Dalam proses tersebut, kata dia, dapat melibatkan konsultan serta tim teknis dari sejumlah perangkat daerah, seperti Dinas Pekerjaan Umum dan Penataan Ruang (PUPR), Dinas Kesehatan, Dinas Perhubungan, Satpol PP hingga DLH.
“Tim teknis nantinya turun ke lapangan untuk melihat sejauh mana kebutuhan IPAL yang harus ditingkatkan. Jadi jangan dianggap enteng, karena ini menyangkut dampaknya terhadap masyarakat sekitar,” jelasnya.
Ahmad menekankan, pengelolaan limbah yang baik merupakan bentuk tanggung jawab bersama. Air limbah yang tidak dikelola dengan benar berpotensi memberikan dampak terhadap kualitas air, tanah, kesehatan masyarakat serta kelestarian lingkungan.
Karena itu, DLH Bangkalan secara berkala melakukan pengawasan, termasuk melalui pengujian mutu air dan tanah sebagai bagian dari upaya memastikan kondisi lingkungan tetap terjaga.
“Pentingnya IPAL ini adalah bagaimana kita mengawasi dampaknya terhadap masyarakat sekitar. Kami juga selalu melakukan uji mutu air dan tanah,” katanya.
Ia berharap sosialisasi tersebut tidak berhenti pada pemahaman semata, tetapi dilanjutkan dengan langkah konkret berupa percepatan pemenuhan persyaratan dan perizinan IPAL di seluruh puskesmas.
“Jangan menunggu sampai ada persoalan.
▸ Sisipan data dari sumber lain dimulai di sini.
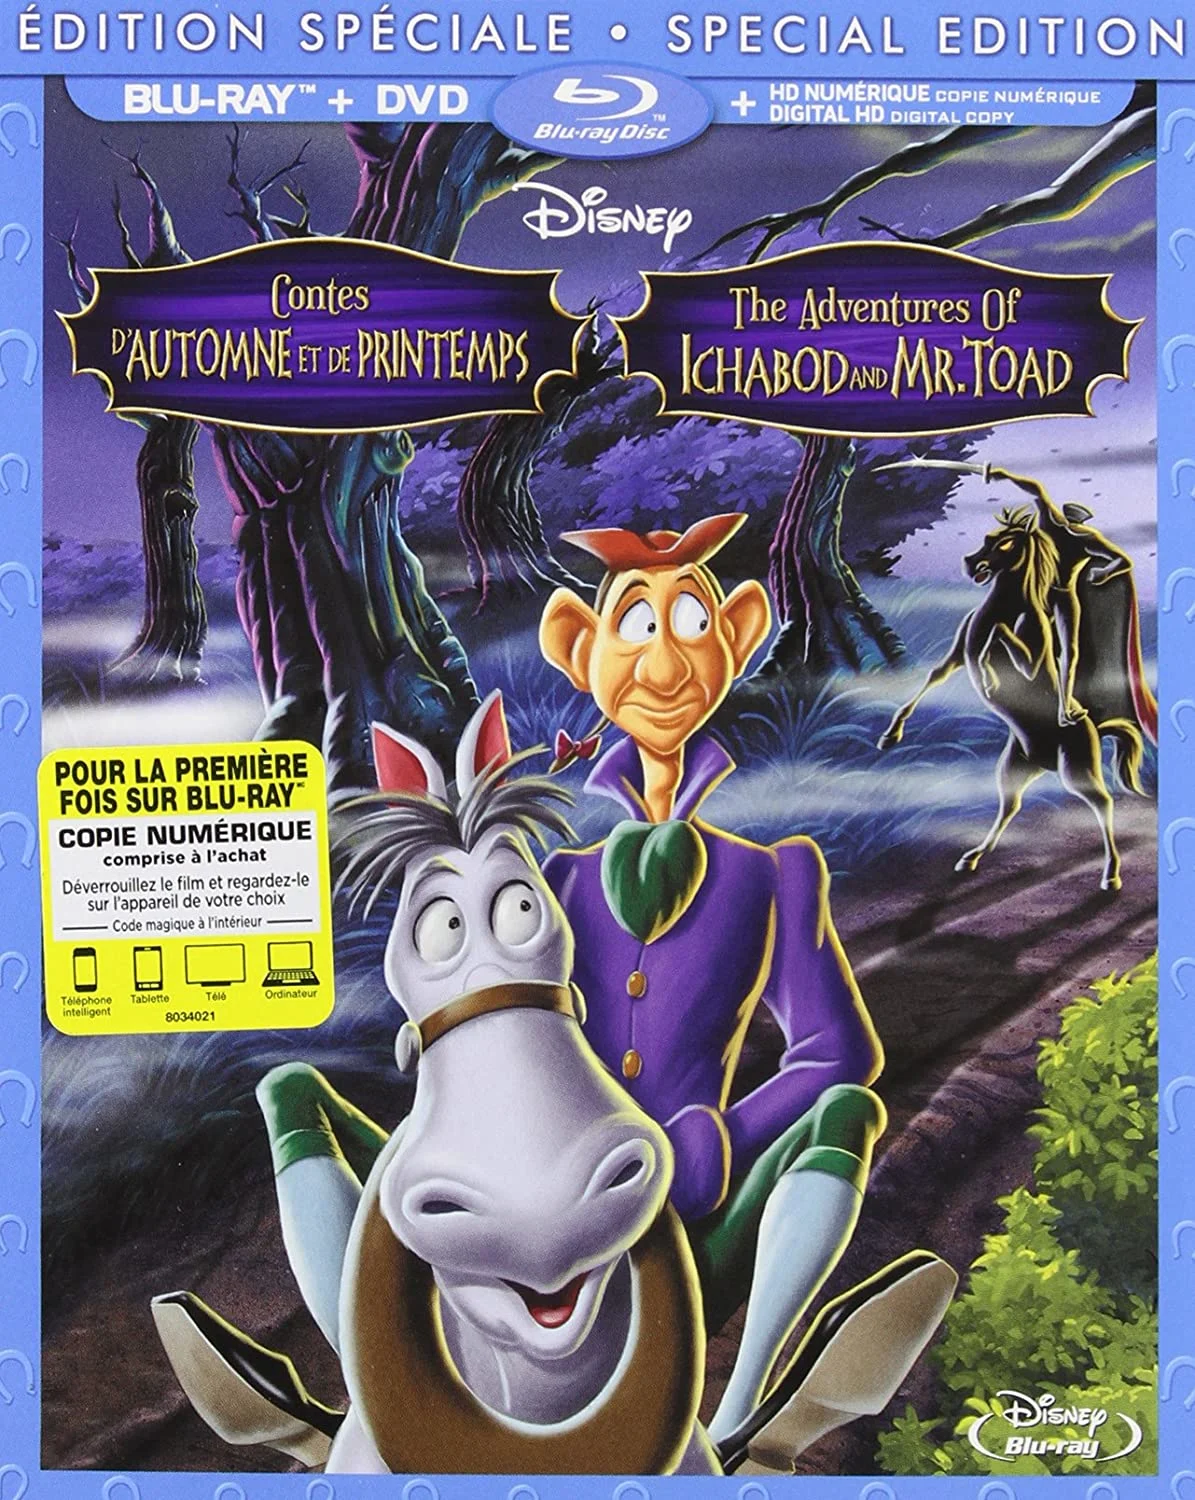 Adventures Of Ichabod And Mr. Toad Special Edition (Blu-ray) on MovieShack

Mari kita mulai dari sekarang,” pesannya.
Pelaksanaan sosialisasi IPAL di Puskesmas Tanah Merah dinilai sejalan dengan semangat Harteknas dan HKAN, yang menempatkan inovasi, teknologi dan kesadaran lingkungan sebagai bagian penting dalam pembangunan.
Pemanfaatan teknologi pengolahan air limbah di fasilitas pelayanan kesehatan diharapkan tidak hanya memastikan limbah dikelola sesuai standar, tetapi juga menjadi investasi jangka panjang bagi kesehatan masyarakat dan keberlanjutan lingkungan di Kabupaten Bangkalan.
Pemkab Bangkalan pun berharap sinergi antara perangkat daerah, fasilitas kesehatan, tenaga teknis, masyarakat, serta para pemangku kepentingan dapat terus diperkuat sehingga pengelolaan lingkungan berjalan secara konsisten.
“Ini menjadi tanggung jawab kita bersama. Pelayanan kesehatan harus berjalan, tetapi lingkungan juga harus tetap kita jaga. Keduanya harus berjalan beriringan,” pungkas Ahmad Sidiq.